Wimbledon: Roger Federer stands alone among underdogs

It was a rollercoaster day in SW19 where Andy Murray and Novak Djokovic exited

Roger Federer of Switzerland celebrates match point and victory after his men’s singles quarterfinal match against Milos Raonic on day nine of the Wimbledon Lawn Tennis Championships. Photo: Michael Steele/Getty Images

Roger Federer of Switzerland celebrates match point and victory after his men’s singles quarterfinal match against Milos Raonic on day nine of the Wimbledon Lawn Tennis Championships. Photo: Michael Steele/Getty Images

 

In March Novak Djokovic pulled out of the Miami Open, citing an elbow problem. That arrived after an uncannily similar announcement from Andy Murray 24 hours earlier, which featured an identical injury.

On Wednesday Djokovic lasted just over an hour in his Wimbledon quarterfinal match against Tomas Berdych. Meanwhile, Murray lasted five sets and almost three hours against Sam Querry, but the final two sets were a pale imitation of the defending champion.

British hopes shattered, Serbian aspirations washed out. Both fell out of the draw to trigger the earliest exit of supporters from the grounds for many years in the strangest unravelling of a Wimbledon quarterfinal draw.

Murray was last seen hobbling towards a courtesy car at the back of the media centre, the world number one swinging his damaged hip sideways like an octogenarian.

Murray was clearly in more distress over the injury that snatched hopes of an all British final with Johanna Konta, than Djokovic was about his injured right elbow.

Murray fell 6-3, 4-6, 7-6 (4), 1-6, 1-6 to American Sam Querry with Djokovic playing just one losing set and two games of the second before shrugging his shoulders and walking to the net to Berdych and finish the match with a handshake.

The post portem will centre around what players are doing to their bodies and whether the officials who declined to allow Djokovic play his fourth round match under the Centre Court roof were entirely blameless in his undoing.

Djokovic leaves the court after retiring in his loss to Berdych. Photo: Glyn Kirk/Getty Images
Djokovic leaves the court after retiring in his loss to Berdych. Photo: Glyn Kirk/Getty Images

Had they switched his match to under cover on the scheduled day, the second seed would have had an extra day to rest his problematic right elbow.

The good news for aesthetes is that Roger Federer conducted a masterclass against Milos Raonic. With poise and sangfroid, he defused the big Canadian’s heavy service game and schooled him around Centre Court for three sets 6-4, 6-2, 7-6.

Federer meets Berdych and for that meeting he must preserve his immaculate returning game and rap it up like he did himself, when Raonic left for a bathroom break duringtheir match.

Sniffles and a head cold will not force Federer to default.

Croatia’s Marin Cilic crushed the dreams of Luxembourg and Gilles Muller over five sets to meet Querry, both players in their first Wimbledon semifinals.
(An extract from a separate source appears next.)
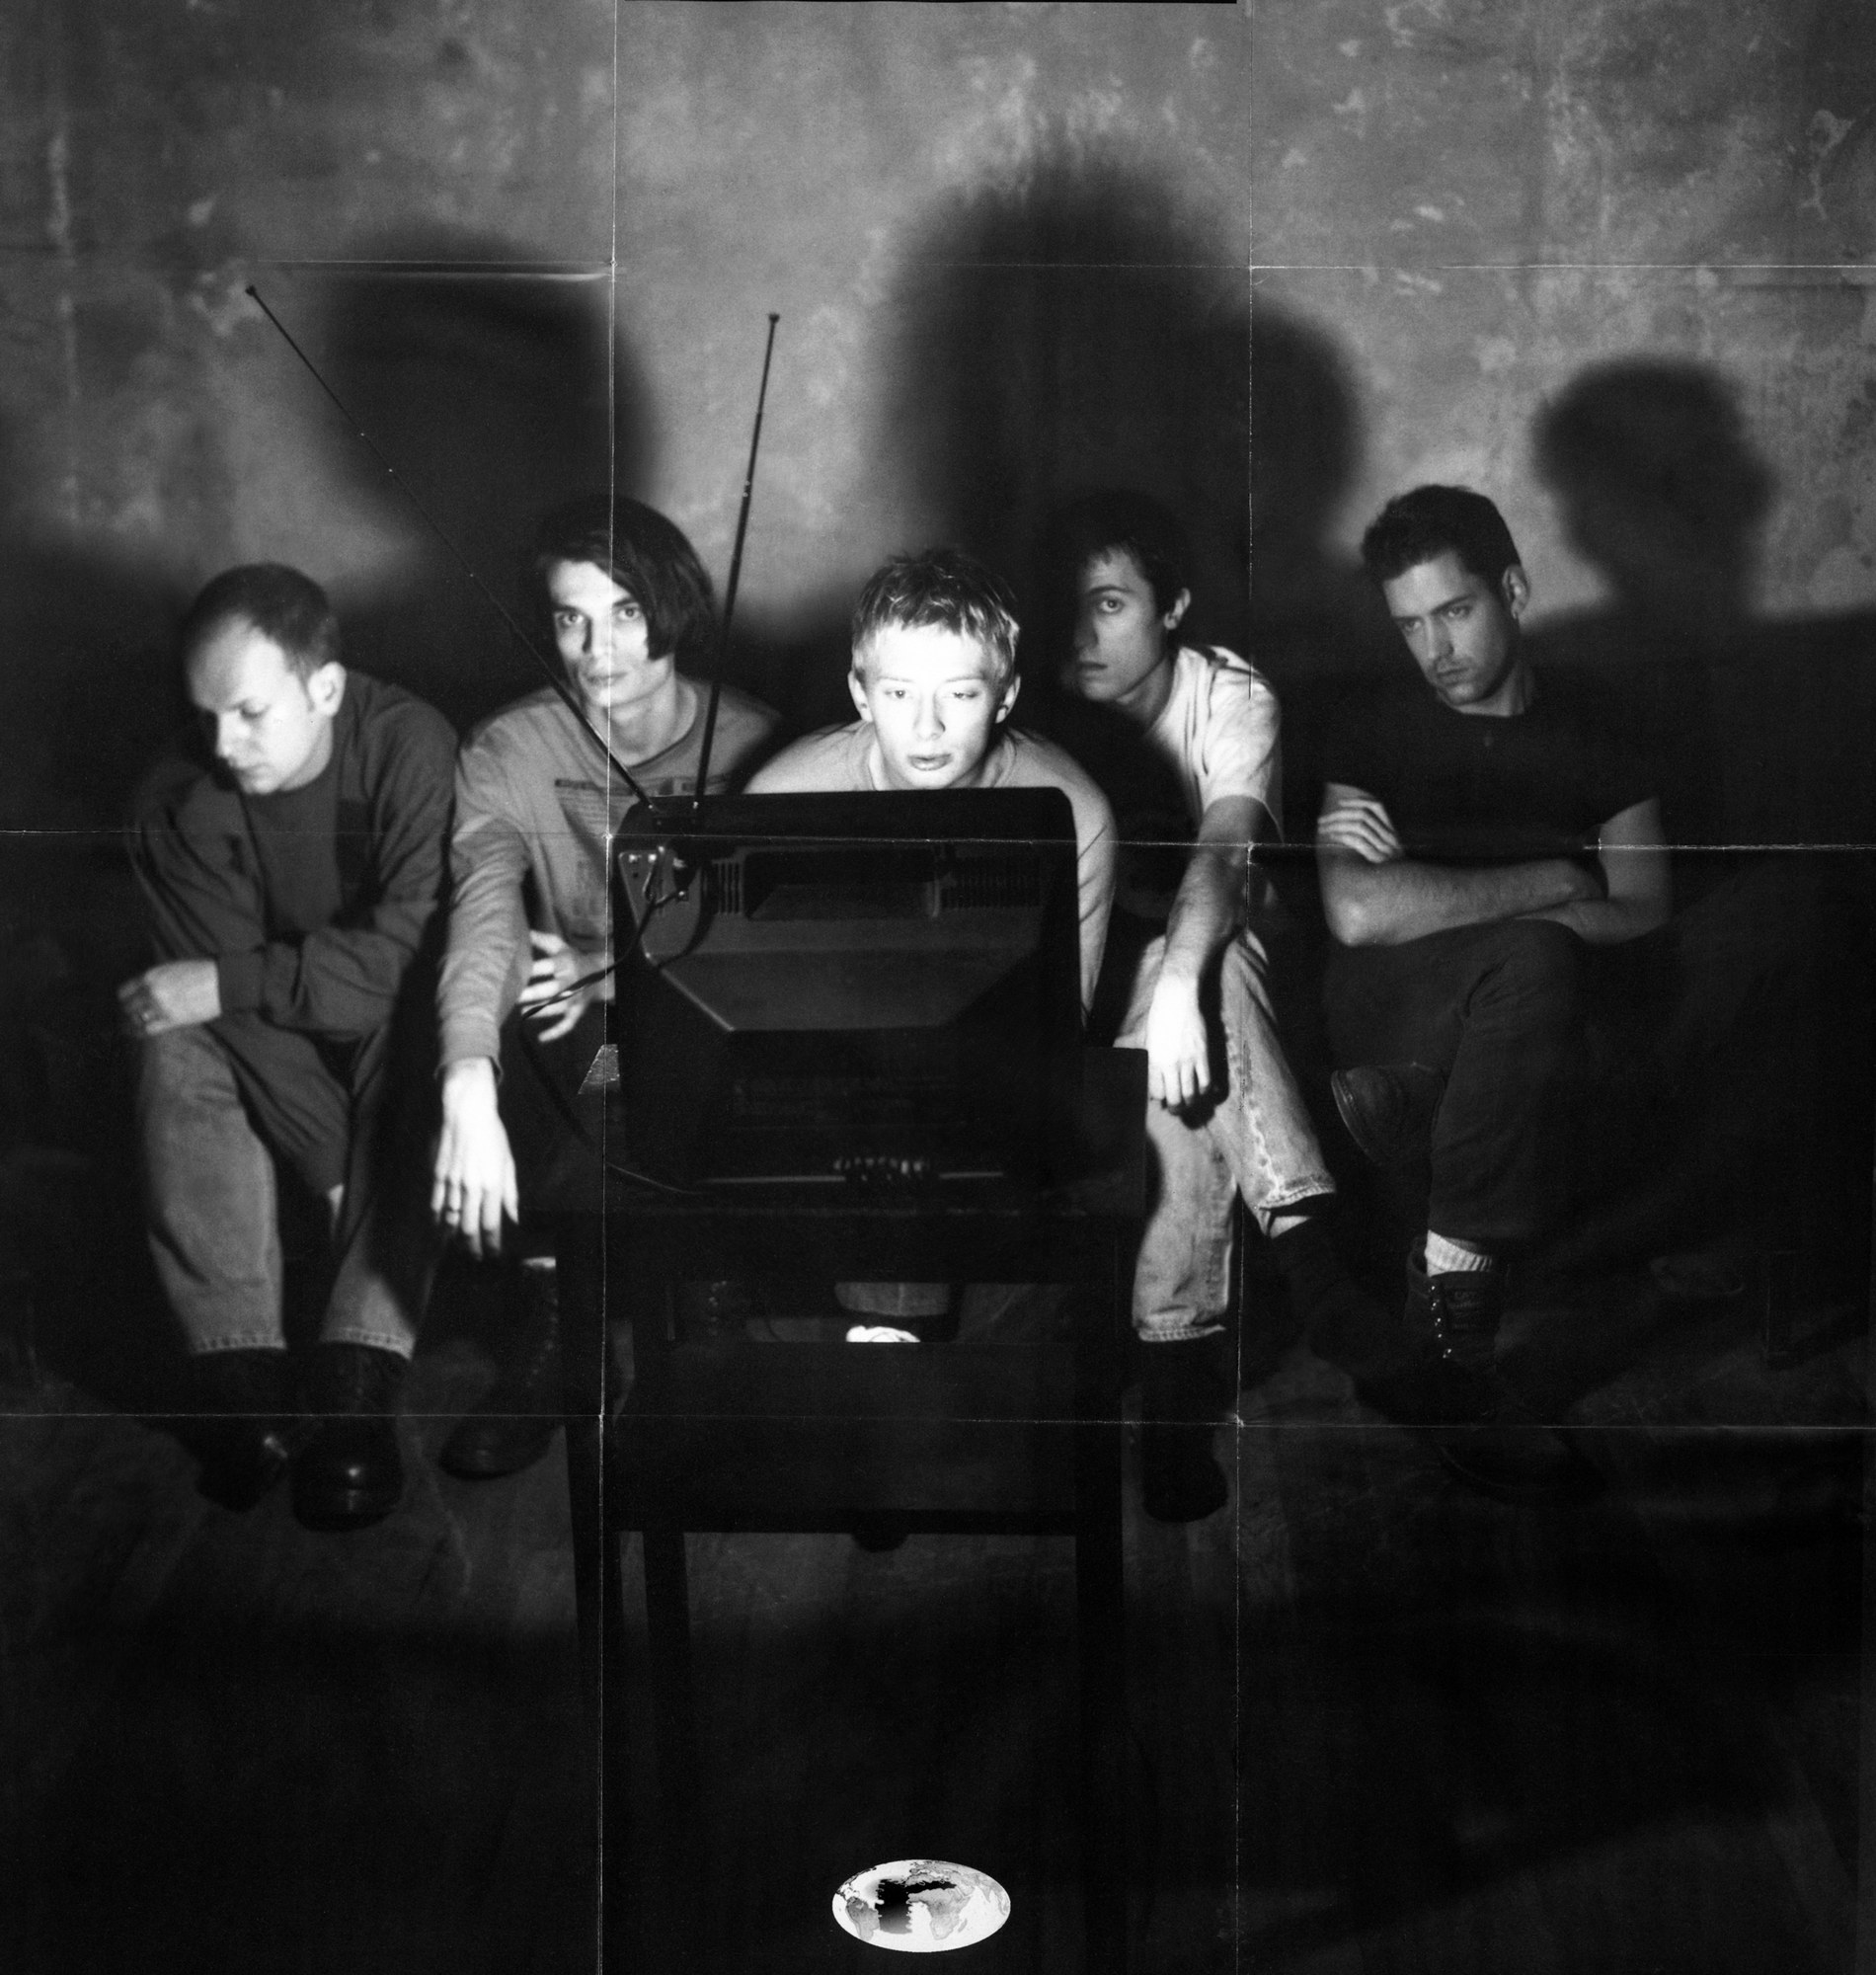 radiohead orgie pron hun

“The whole tournament I’ve been a little bit sore. But I tried my best right to the end. I’m proud about that,” said Murray.

“I’ll get the best advice I can, then stick with that. If it means taking a few weeks’ rest, then so be it. If it means training and doing the right rehab and stuff, then I’ll do that.

“I have no idea of exactly what that’s going to be. Now I’ll listen to my team and, you know, get the best advice I can, make a decision after that.”

Djokovic admitted that his injury was not his shoulder, which was treated on court on Tuesday, but the same concern that took him out of Miami.

“It’s not the shoulder. It’s the elbow that already keeps bothering for over a year and a half actually,” he said.

Like Murray the problem will send him on a voyage of discovery. With the US Open coming up at the end of August, time will be again the issue.

“It’s not a time and place for me to talk about the details,” said Djokovic. “I’m just going to talk with specialists, as I have done in the last year or so, try to figure out what’s the best way to treat it and to solve it, to find a longterm solution. Obviously shortterm it’s probably rest is most appropriate. We will see.”

Federer will offer some respite from the three remaining booming servers. But he must see the injuries to his main rivals as the draw inviting him forward up in a way he could have never foreseen.

The tournament has come down to one seven time Wimbledon champion and three players who have never won it.

“I think he’s the greatest of them all. It’s a great challenge to have the opportunity,” said Berdych about Federer.

The Swiss player may not have eased any anxieties in the mind of his opponent.

“This year I’m just a normal tennis player again where I can focus on tactics. I think that’s the difference,” said Federer alluding to his injuries..

“I’m playing very well. I’m rested. I’m fresh. I’m confident, too. Then great things do happen. Confidence is a huge thing.”

Federer “a normal tennis player” – just another twist in a rollercoaster day at the championships.